Dataset records:

..............................

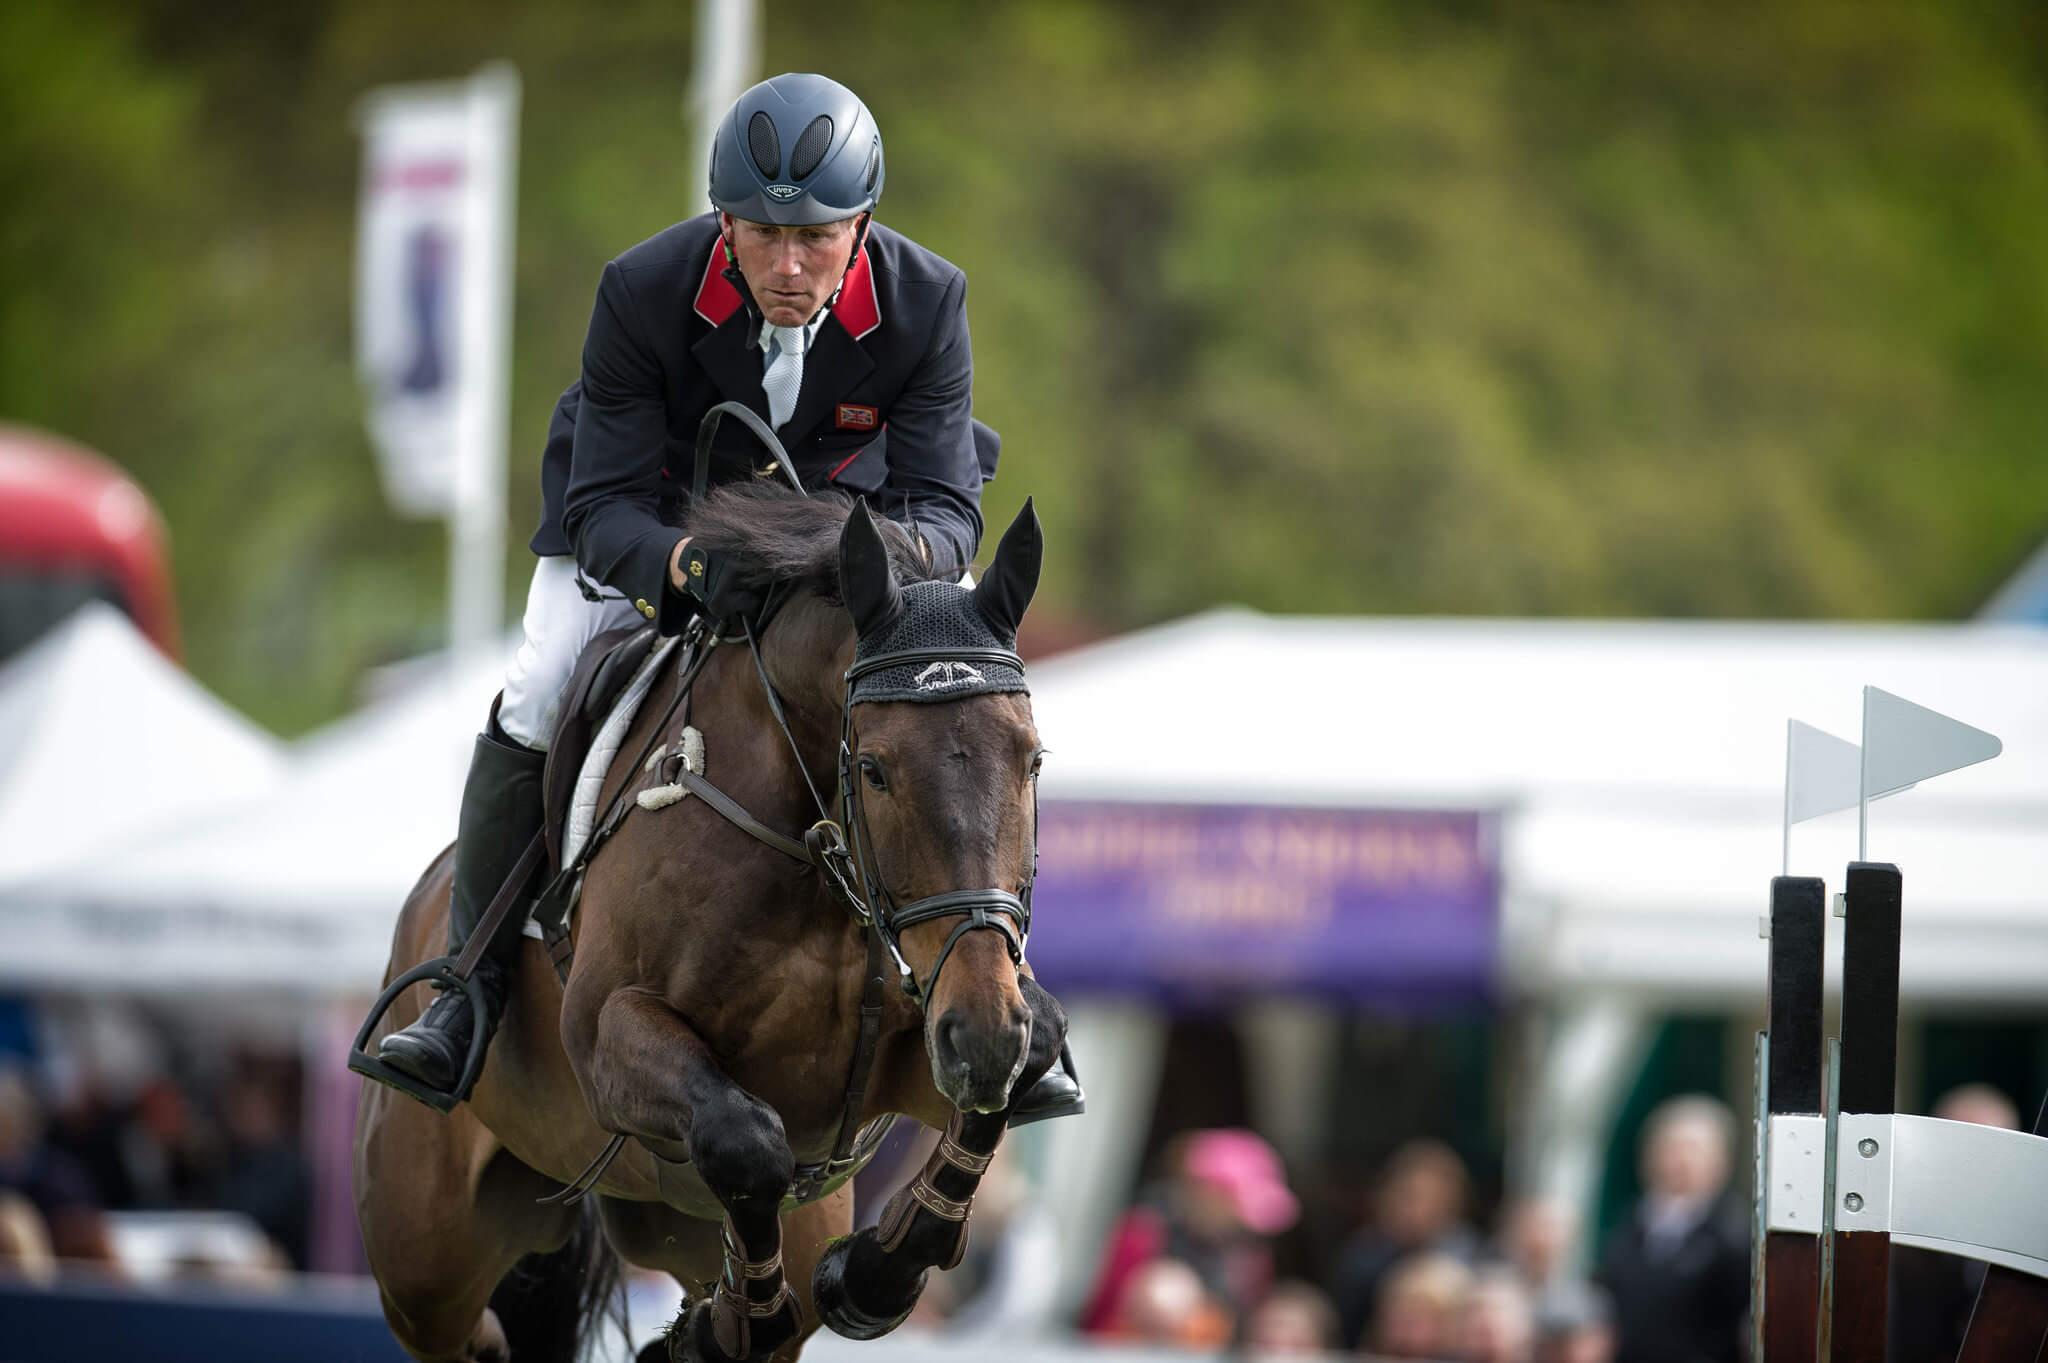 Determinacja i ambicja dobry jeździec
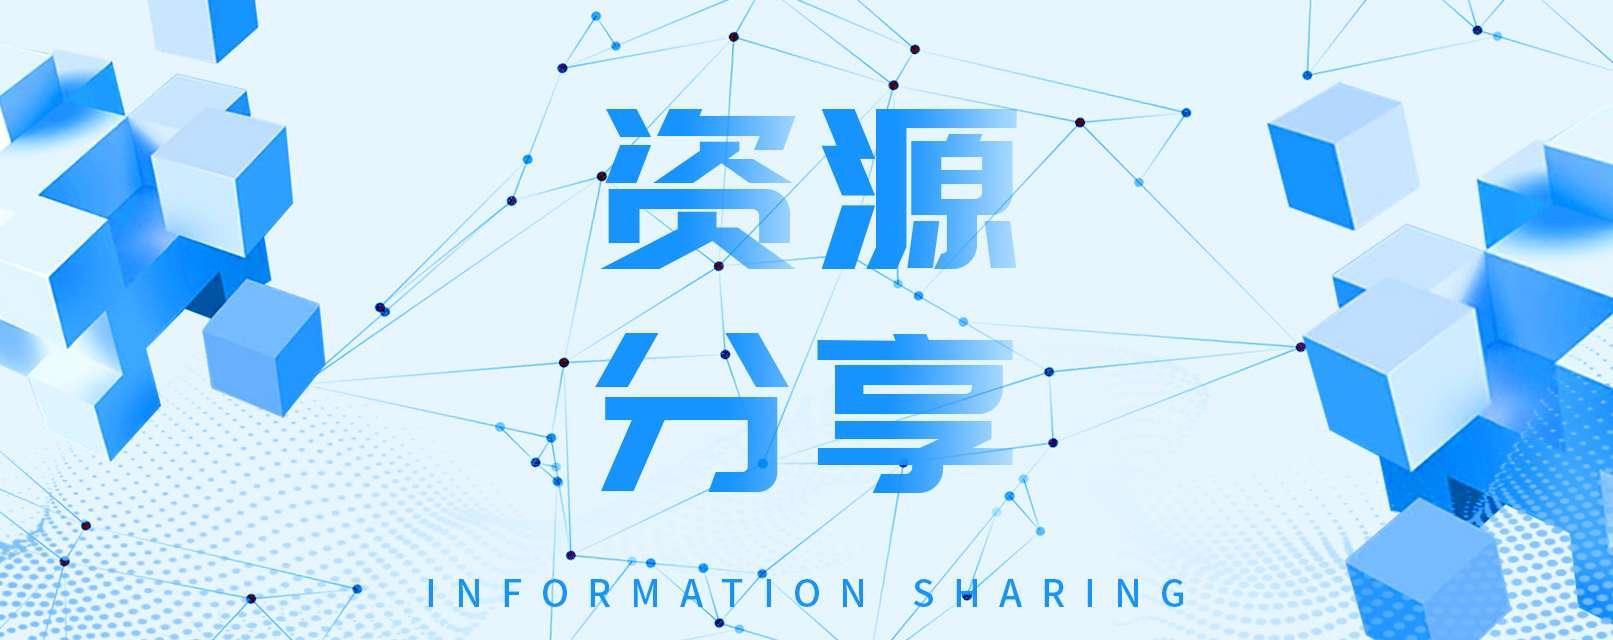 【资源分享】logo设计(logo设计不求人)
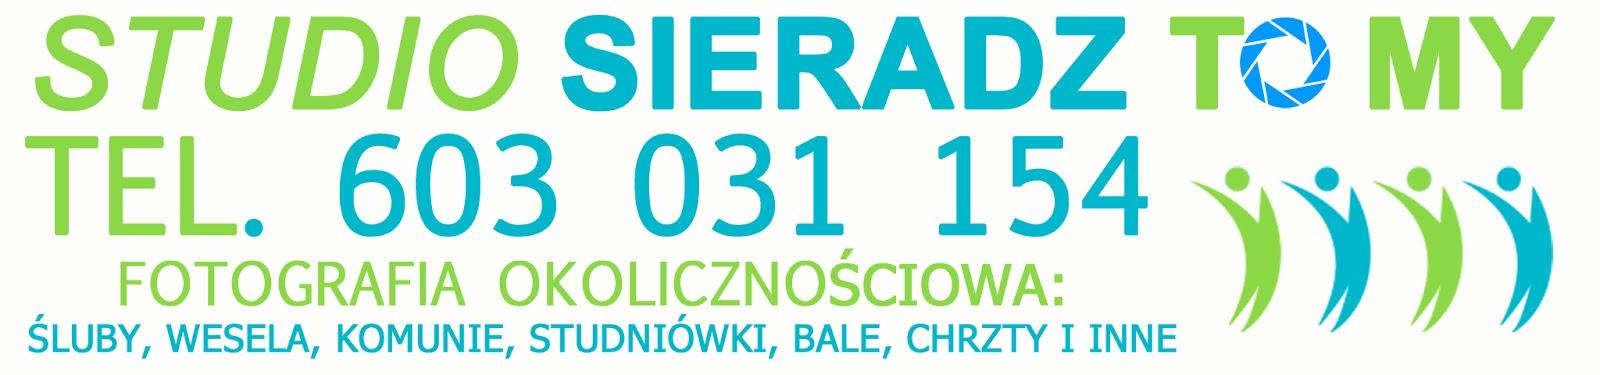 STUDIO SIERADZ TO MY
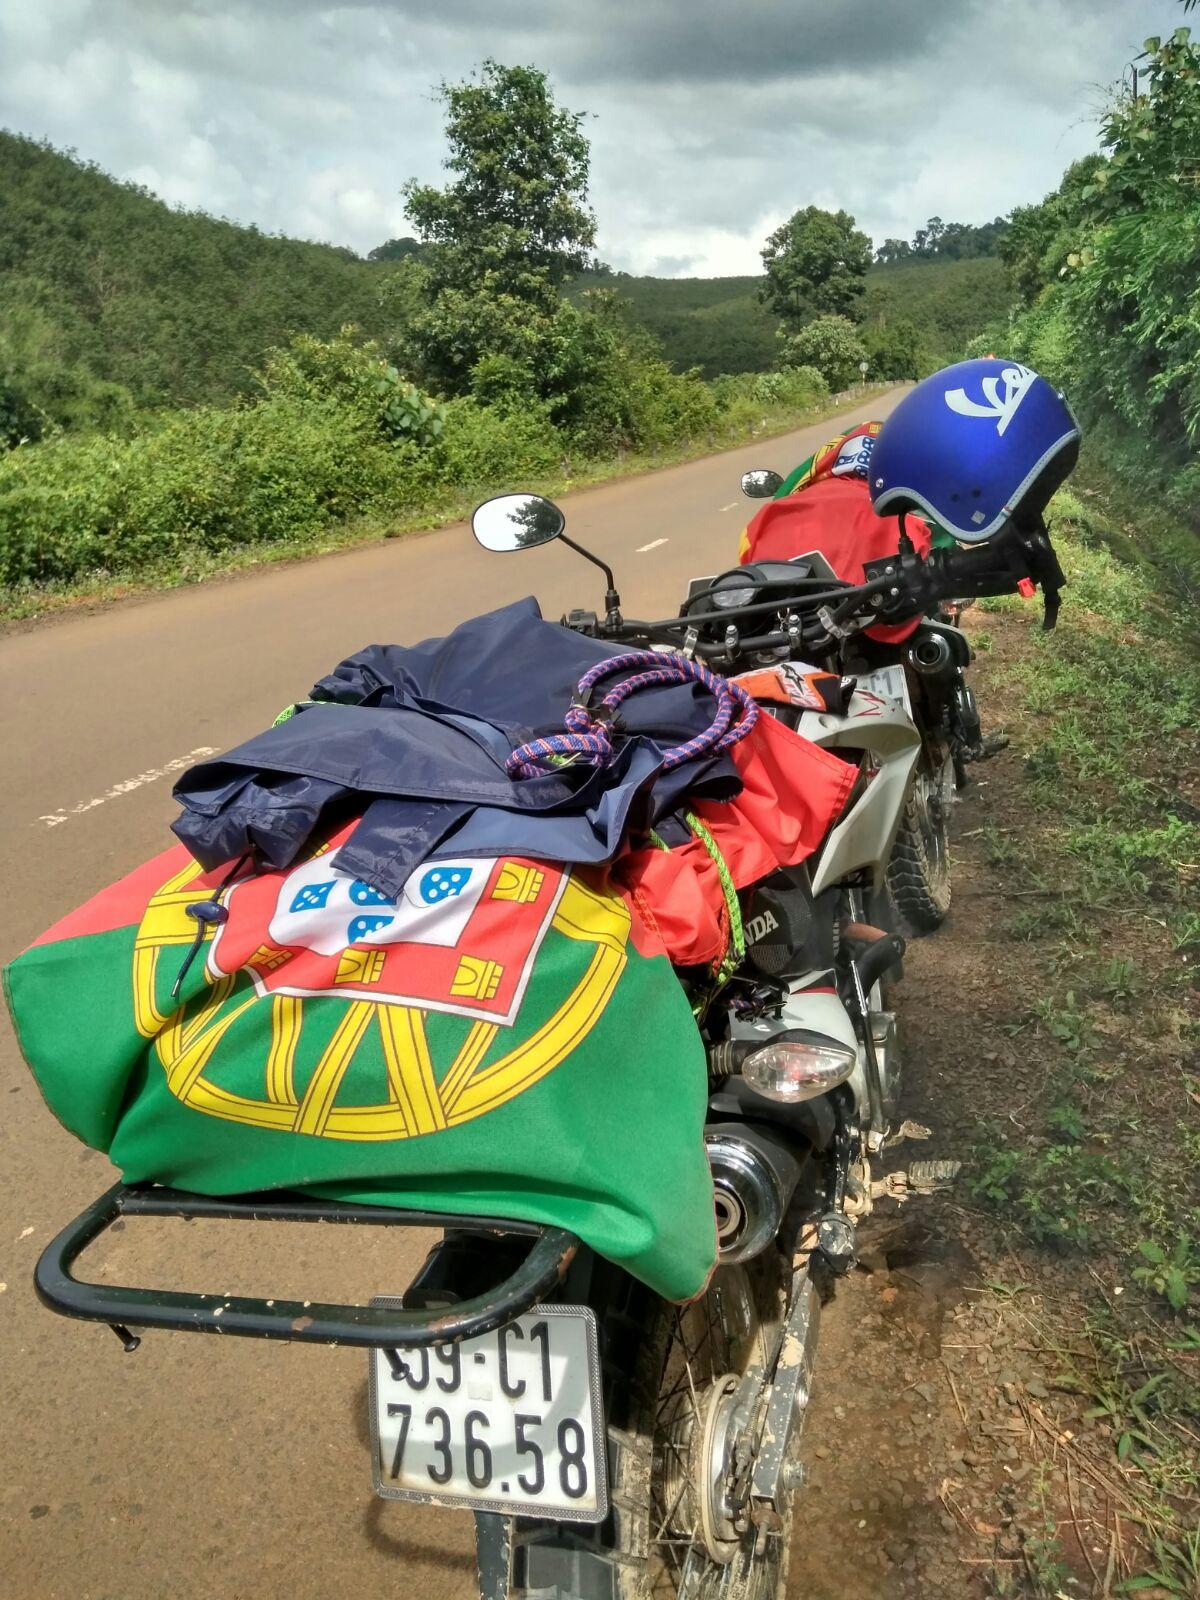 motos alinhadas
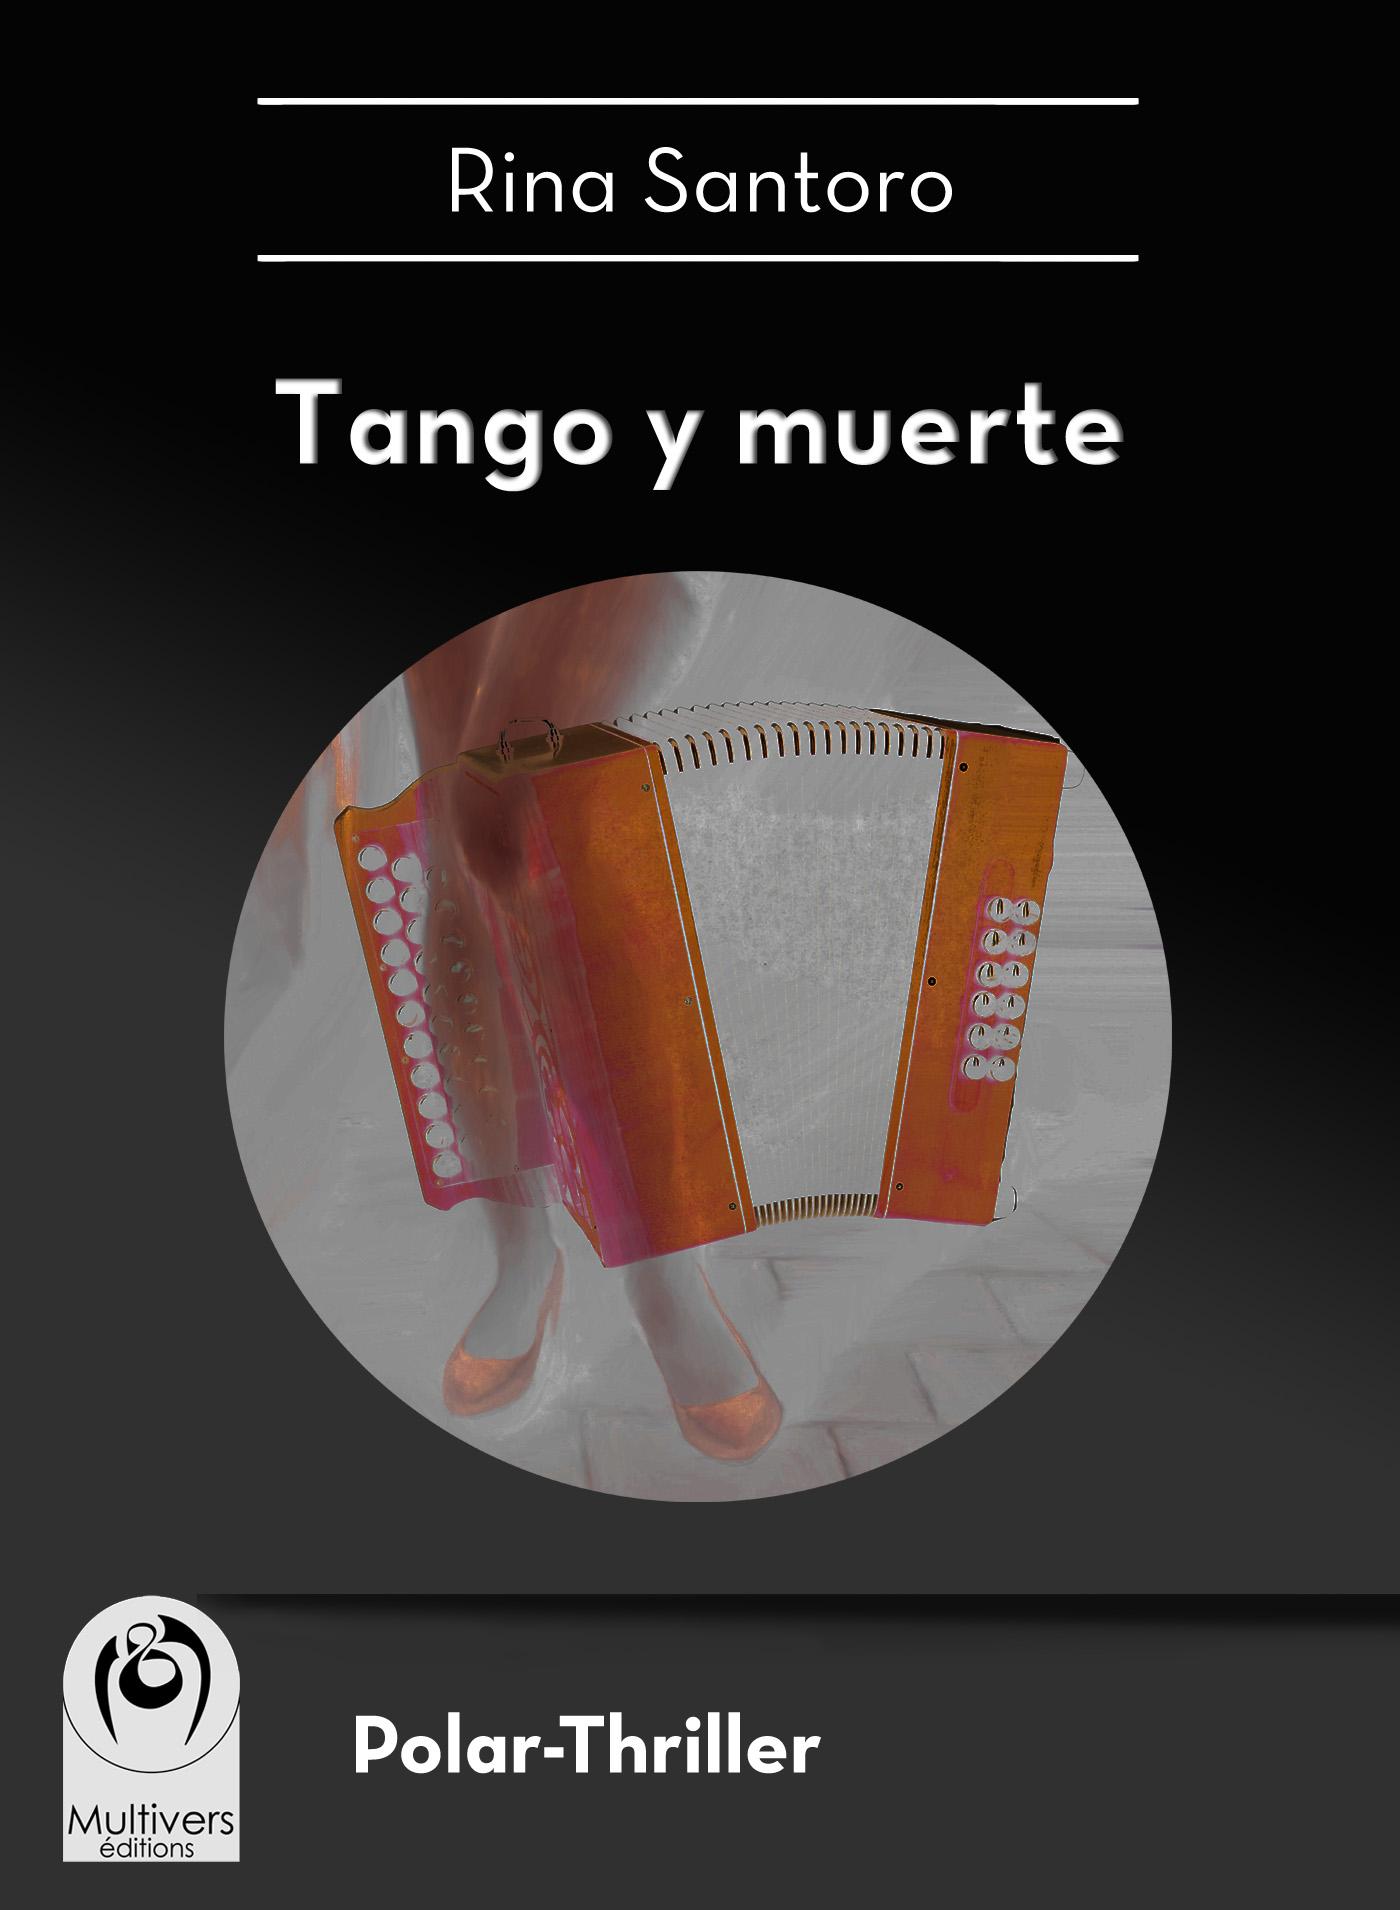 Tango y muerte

..............................

What you will do
Without the pictures, repeat all the records word for word.

Result
 Determinacja i ambicja dobry jeździec
 【资源分享】logo设计(logo设计不求人)
 STUDIO SIERADZ TO MY
 motos alinhadas
 Tango y muerte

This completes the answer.